Both new routes will help the company expand its partnership with UPS, which has already accounted for 160,000 paid miles of freight hauling. While testing in automated mode, the company’s trucks achieved a 13 percent fuel savings, TuSimple says, compared with human drivers.

TuSimple will further sideline human drivers this month. The company expects to follow competitors such as Gatik and Plus by removing human safety drivers from certain operations. In TuSimple’s case, the company says it will go “driver out” during frequent trips between Phoenix and Tucson by the end of the year.

The company added 138 employees to its R&D division during the third quarter, bringing its head count to approximately 1,000 in R&D and 1,300 overall.

Waymo has begun installing its fifth-generation virtual driver into its truck fleet, a significant development, as it comes with an overhaul of its sensor package and software.

The company runs its testing from its metro Phoenix operations hub, but it is currently building a “primary operations center” for its trucking business in Dallas. Waymo is not stating a timeline for launching commercial operations.
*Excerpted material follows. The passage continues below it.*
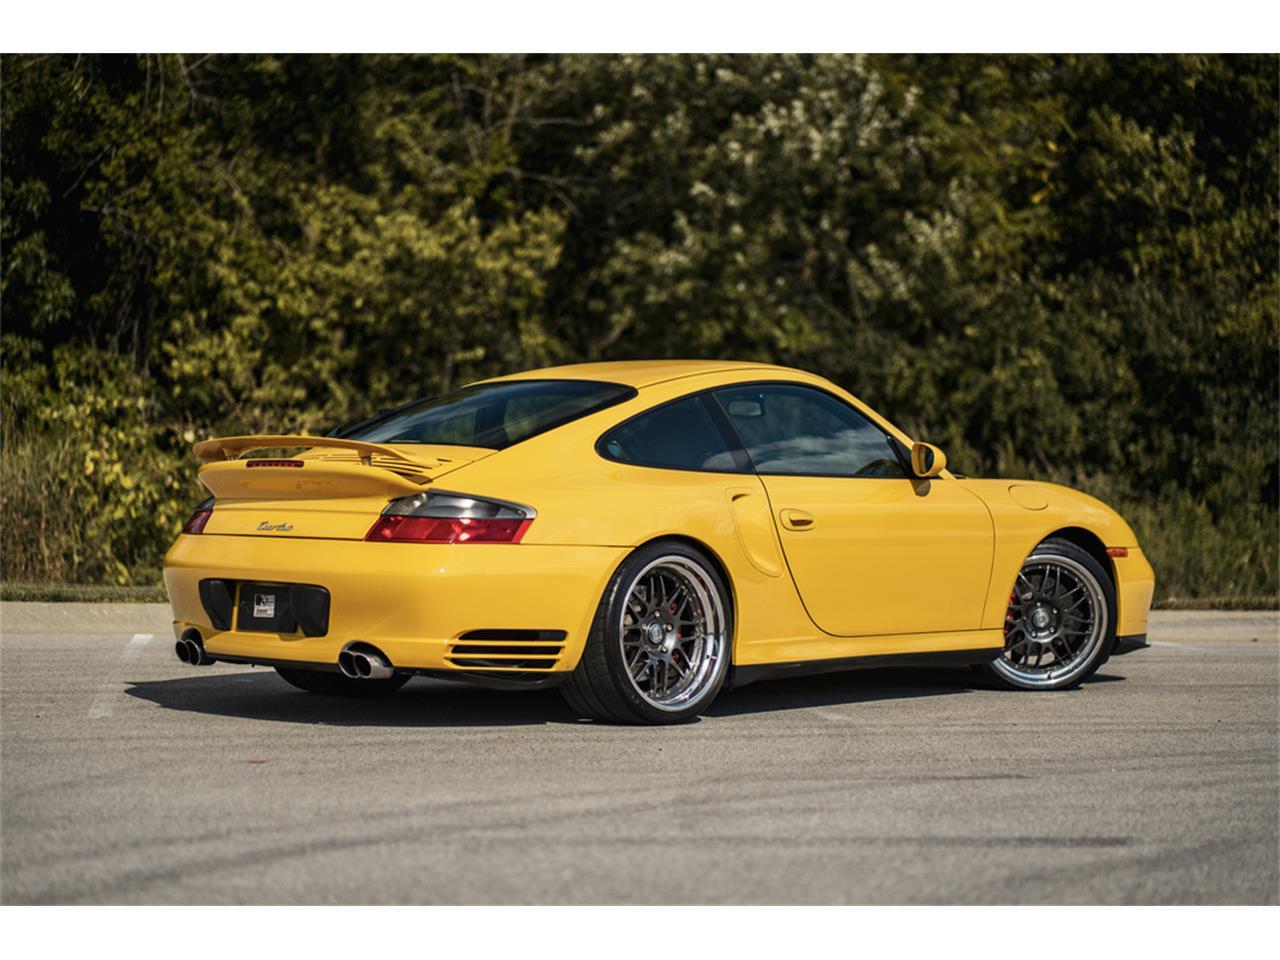 2002 Porsche 911 Turbo (CC-1257806) for sale in Las Vegas, Nevada

In mid-November, Waymo expanded its partnership with UPS. With the holiday season looming and ports and trucking overwhelmed, the two companies are moving beyond local deliveries and into Class 8 truck freight movement. Waymo will transport goods between UPS’ North American Air Freight units in Dallas-Fort Worth and Houston.

The Class 8 trial runs will build upon previous work the two companies have done together, as well as Waymo’s other work with partners that include J.B. Hunt.

In October 2020, Waymo entered into a partnership with Daimler Trucks, which is building an autonomous-ready version of its Freightliner Cascadia truck chassis that comes with redundant systems.